> [WHAT THIS TASK INVOLVES] Starting with the line that contains "Price/Size on request" and stopping after the line that contains "en-iyi-webcam-onerisi-001.webp", return each line below exactly as written, with no others.

> [MATERIALS PROVIDED]
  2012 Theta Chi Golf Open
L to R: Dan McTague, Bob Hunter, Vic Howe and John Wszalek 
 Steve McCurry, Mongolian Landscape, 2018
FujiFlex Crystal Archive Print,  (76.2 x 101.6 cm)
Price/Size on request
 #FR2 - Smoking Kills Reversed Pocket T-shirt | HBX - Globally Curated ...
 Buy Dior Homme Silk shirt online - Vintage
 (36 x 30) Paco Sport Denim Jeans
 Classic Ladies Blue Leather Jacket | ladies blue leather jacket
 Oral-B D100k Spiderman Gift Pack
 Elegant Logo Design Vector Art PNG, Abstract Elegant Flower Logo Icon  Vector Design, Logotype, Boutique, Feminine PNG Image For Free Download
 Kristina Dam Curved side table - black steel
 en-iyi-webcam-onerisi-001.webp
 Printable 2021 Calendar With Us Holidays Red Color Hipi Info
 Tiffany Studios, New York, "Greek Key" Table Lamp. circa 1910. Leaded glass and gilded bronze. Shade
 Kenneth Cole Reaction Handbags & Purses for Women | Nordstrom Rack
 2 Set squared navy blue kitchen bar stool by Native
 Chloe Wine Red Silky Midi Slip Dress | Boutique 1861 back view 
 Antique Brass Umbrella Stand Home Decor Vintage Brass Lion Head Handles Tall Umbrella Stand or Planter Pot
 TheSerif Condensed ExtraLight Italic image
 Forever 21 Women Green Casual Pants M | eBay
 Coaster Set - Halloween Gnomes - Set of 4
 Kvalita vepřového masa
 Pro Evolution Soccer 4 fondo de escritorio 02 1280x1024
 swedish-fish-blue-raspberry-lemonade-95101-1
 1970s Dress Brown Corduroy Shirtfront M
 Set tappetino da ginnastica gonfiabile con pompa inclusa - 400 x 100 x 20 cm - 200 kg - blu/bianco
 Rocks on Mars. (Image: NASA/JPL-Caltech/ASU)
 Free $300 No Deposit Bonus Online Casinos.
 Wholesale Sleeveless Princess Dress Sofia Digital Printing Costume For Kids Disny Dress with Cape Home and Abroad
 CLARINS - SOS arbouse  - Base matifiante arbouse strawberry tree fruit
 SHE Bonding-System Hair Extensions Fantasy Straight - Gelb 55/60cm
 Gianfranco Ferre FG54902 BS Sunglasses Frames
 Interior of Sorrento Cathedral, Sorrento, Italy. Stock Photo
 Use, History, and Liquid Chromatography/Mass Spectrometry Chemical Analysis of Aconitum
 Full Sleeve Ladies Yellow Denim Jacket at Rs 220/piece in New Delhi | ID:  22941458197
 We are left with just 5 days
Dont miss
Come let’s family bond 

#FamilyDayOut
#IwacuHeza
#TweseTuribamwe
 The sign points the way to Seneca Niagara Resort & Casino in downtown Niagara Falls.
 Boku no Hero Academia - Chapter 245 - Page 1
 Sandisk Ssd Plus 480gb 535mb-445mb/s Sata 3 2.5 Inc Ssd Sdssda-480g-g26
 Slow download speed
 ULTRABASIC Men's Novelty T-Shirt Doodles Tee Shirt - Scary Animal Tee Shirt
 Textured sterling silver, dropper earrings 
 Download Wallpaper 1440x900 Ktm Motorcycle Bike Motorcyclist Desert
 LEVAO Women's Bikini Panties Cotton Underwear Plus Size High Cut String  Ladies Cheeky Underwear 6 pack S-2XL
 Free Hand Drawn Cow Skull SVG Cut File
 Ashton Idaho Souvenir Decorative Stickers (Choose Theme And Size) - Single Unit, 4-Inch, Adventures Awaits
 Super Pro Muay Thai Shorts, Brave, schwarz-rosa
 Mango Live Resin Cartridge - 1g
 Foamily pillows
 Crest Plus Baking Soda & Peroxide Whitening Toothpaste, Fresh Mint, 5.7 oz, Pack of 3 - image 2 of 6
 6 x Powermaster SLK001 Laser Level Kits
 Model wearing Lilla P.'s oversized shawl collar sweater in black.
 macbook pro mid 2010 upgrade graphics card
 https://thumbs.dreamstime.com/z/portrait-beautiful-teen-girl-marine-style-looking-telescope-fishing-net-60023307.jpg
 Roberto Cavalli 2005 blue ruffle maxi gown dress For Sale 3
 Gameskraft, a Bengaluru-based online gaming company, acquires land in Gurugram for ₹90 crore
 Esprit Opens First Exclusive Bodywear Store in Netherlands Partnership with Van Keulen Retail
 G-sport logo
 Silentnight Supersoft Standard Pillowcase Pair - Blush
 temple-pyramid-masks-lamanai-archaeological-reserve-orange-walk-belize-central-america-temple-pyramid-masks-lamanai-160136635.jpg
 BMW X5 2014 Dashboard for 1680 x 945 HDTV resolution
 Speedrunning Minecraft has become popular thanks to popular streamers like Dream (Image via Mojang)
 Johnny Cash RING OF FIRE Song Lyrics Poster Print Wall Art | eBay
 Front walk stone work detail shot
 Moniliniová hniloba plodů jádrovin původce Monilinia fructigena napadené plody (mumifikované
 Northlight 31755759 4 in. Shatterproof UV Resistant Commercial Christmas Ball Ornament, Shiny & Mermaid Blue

> [RESULT BELOW]
Price/Size on request
 #FR2 - Smoking Kills Reversed Pocket T-shirt | HBX - Globally Curated ...
 Buy Dior Homme Silk shirt online - Vintage
 (36 x 30) Paco Sport Denim Jeans
 Classic Ladies Blue Leather Jacket | ladies blue leather jacket
 Oral-B D100k Spiderman Gift Pack
 Elegant Logo Design Vector Art PNG, Abstract Elegant Flower Logo Icon  Vector Design, Logotype, Boutique, Feminine PNG Image For Free Download
 Kristina Dam Curved side table - black steel
 en-iyi-webcam-onerisi-001.webp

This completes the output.